# Drywall to stone transition



## IraF16 (Mar 16, 2006)

I have self taught myself to frame and drywall a 25 foot wall that I am fairly happy with. However, my drywall edge ends at an uneven decorative stone wall. I had anticipated caulking the edge, but now think otherwise due to the gaps approaching 1/2".

Does anyone have any good ideas on how to eliminate this uneven space with an attractive transition? My lack of experience has stymied me. I have some carpentry skills (moulding, framing, etc.) and have thought about scribing trim to the wall, but this seems like a questionable approach.
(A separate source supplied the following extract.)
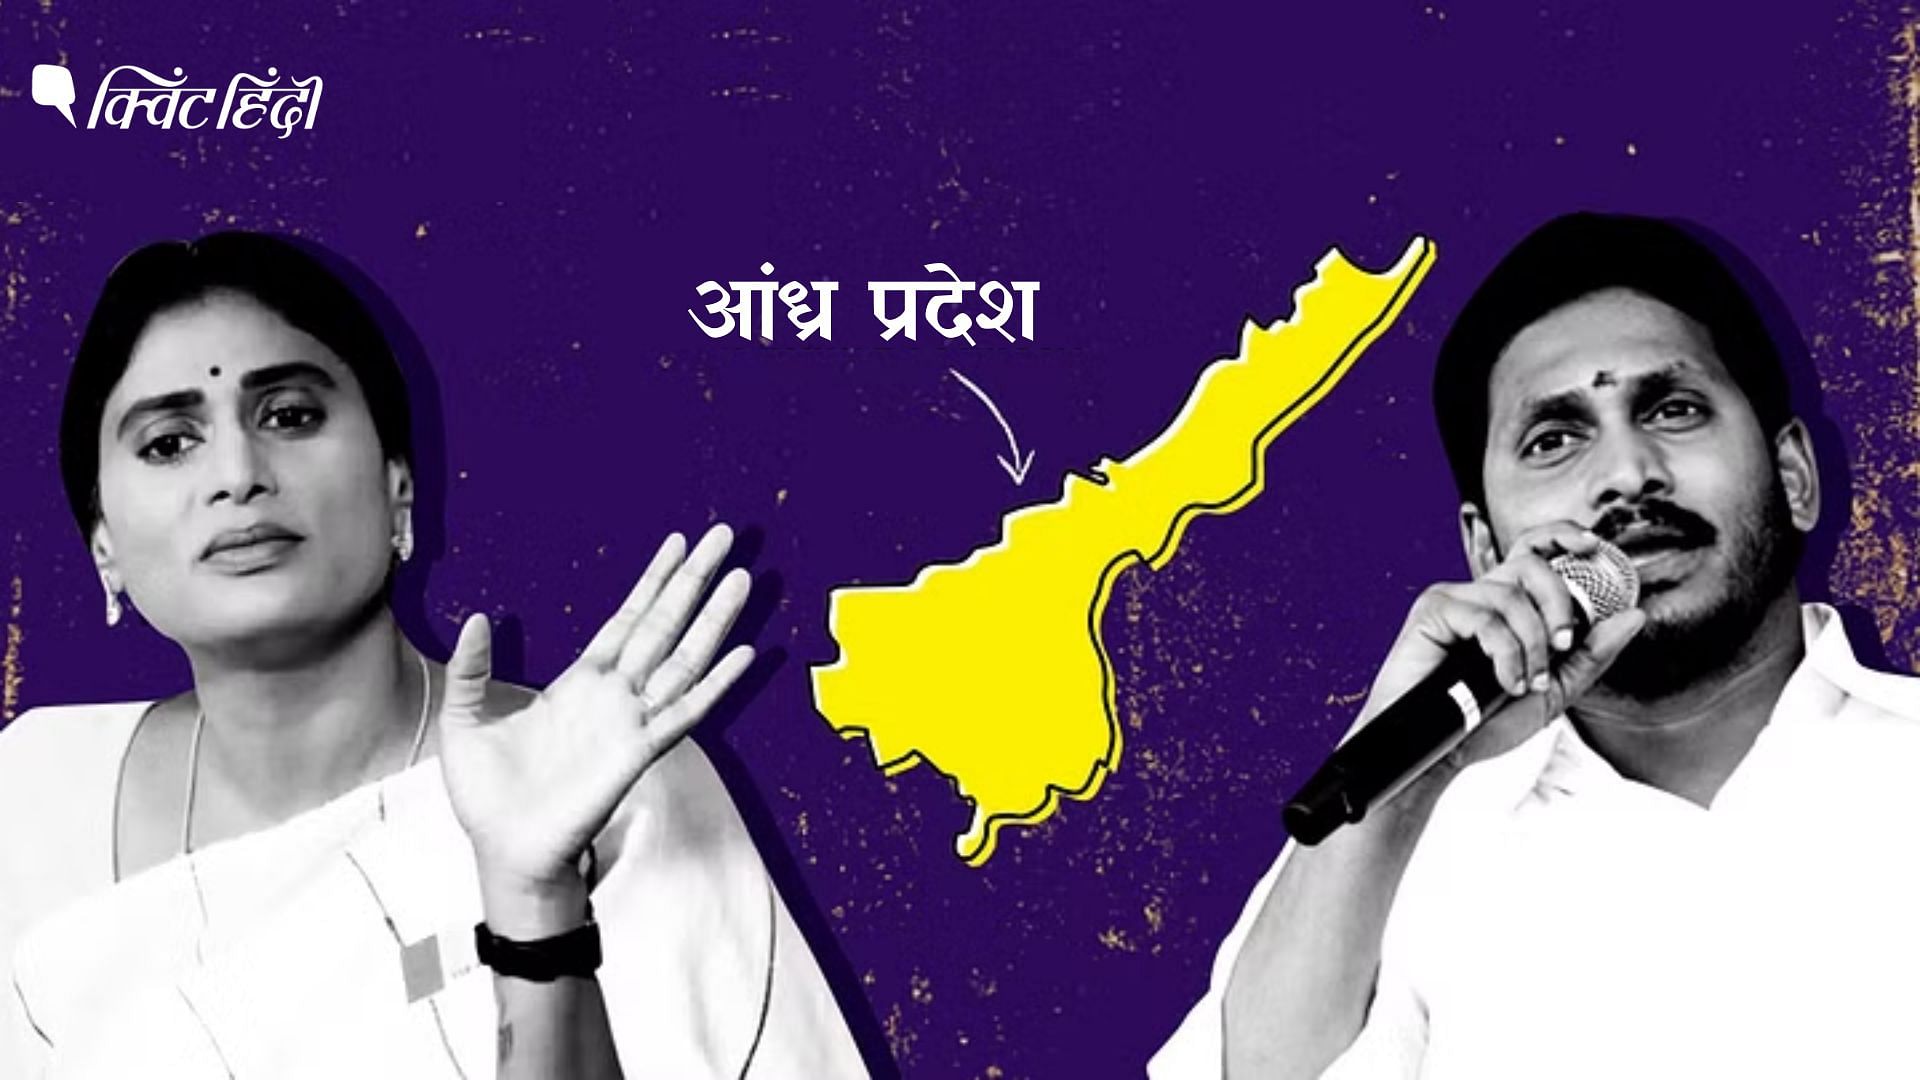 <div class="paragraphs"><p>YS शर्मिला के नेतृत्व में क्या कांग्रेस आंध्र प्रदेश के चुनावी नतीजों पर असर डाल सकती है?</p></div>
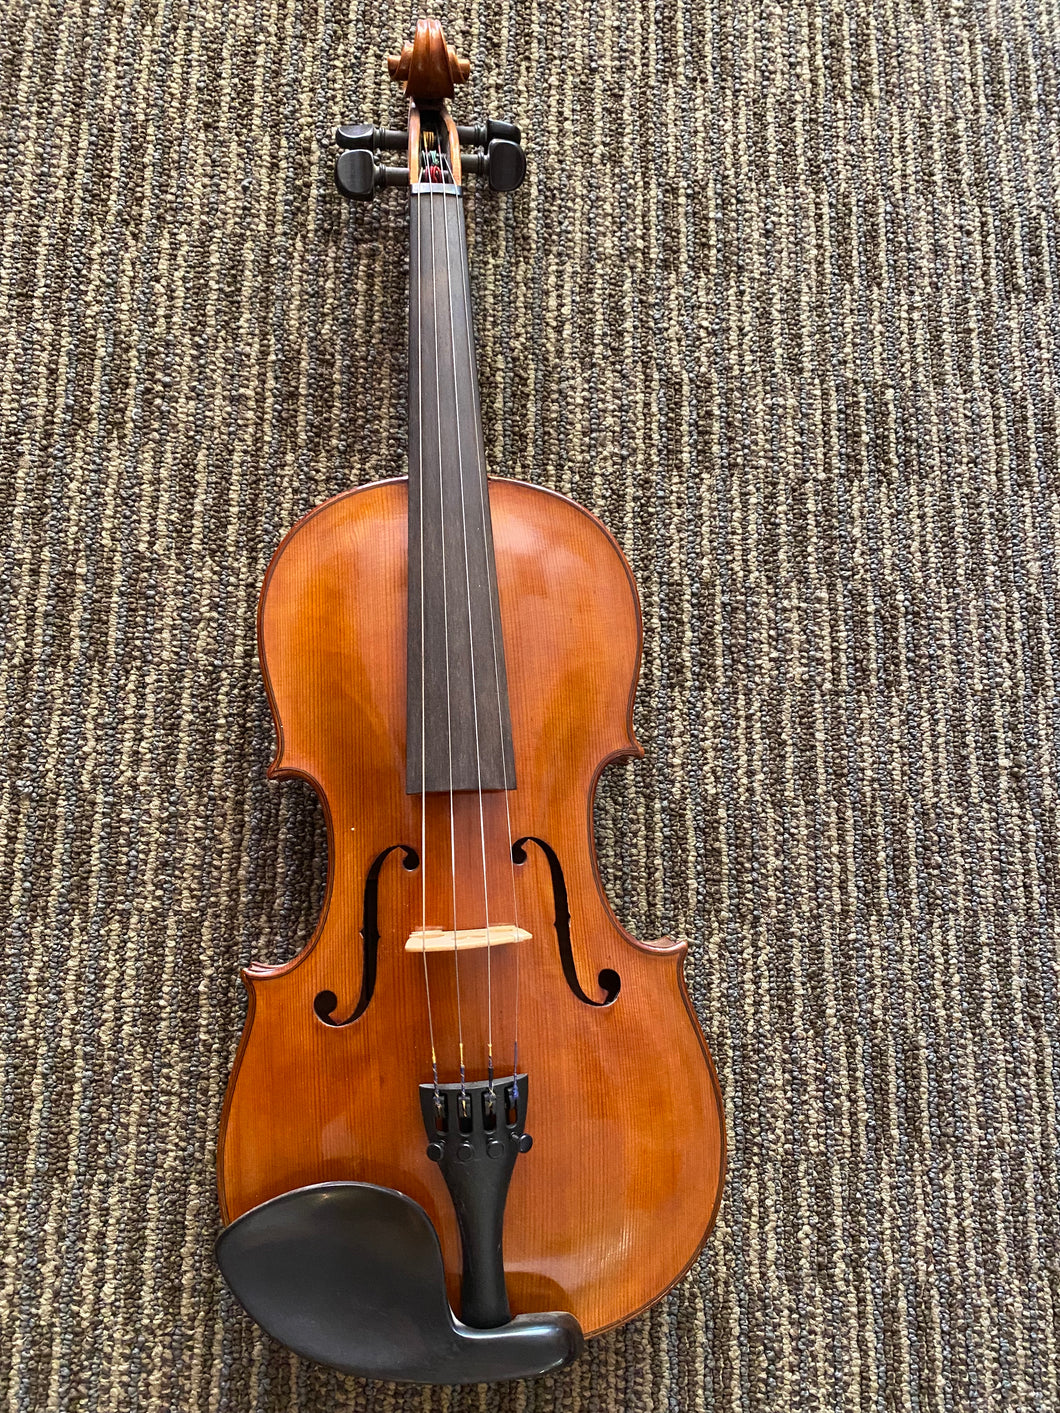 Giancarlo Santangelo Parma Violin c. 1951

Thanks in advance for your suggestions.


----------



## hav2bfaster (Mar 18, 2006)

I would cut the edge of the sheet rock at a 45 degree angle and pack the hole with a product called bond. You can buy it at home depot it comes in 20,45,90, and 120 min setting time depending on how fast you work. Its a powder and you mix it to a frosting like batter. Pack the hole heavily and feather it off about 8" past the sheet rock. this stuff is great you can wash it off the rocks when it dries but your butter off taping them off. when it dries its harder then the sheetrock. good luck


----------



## IraF16 (Mar 16, 2006)

Thanks hav. I now need to "back" the space due to it being a 2x4 deep. Any suggestions?

Again, Thanks in advance.


----------



## bob the builder (Jan 17, 2006)

Are you saying that you need to fill a space that is 1 1/2" deep by 1/2" thick...

Bob


----------



## IraF16 (Mar 16, 2006)

No. I need to fill a space that varies up to a 1/2" width that is 3 1/2" deep. (The depth of the framed wall that meets the stone wall perpindicular).


----------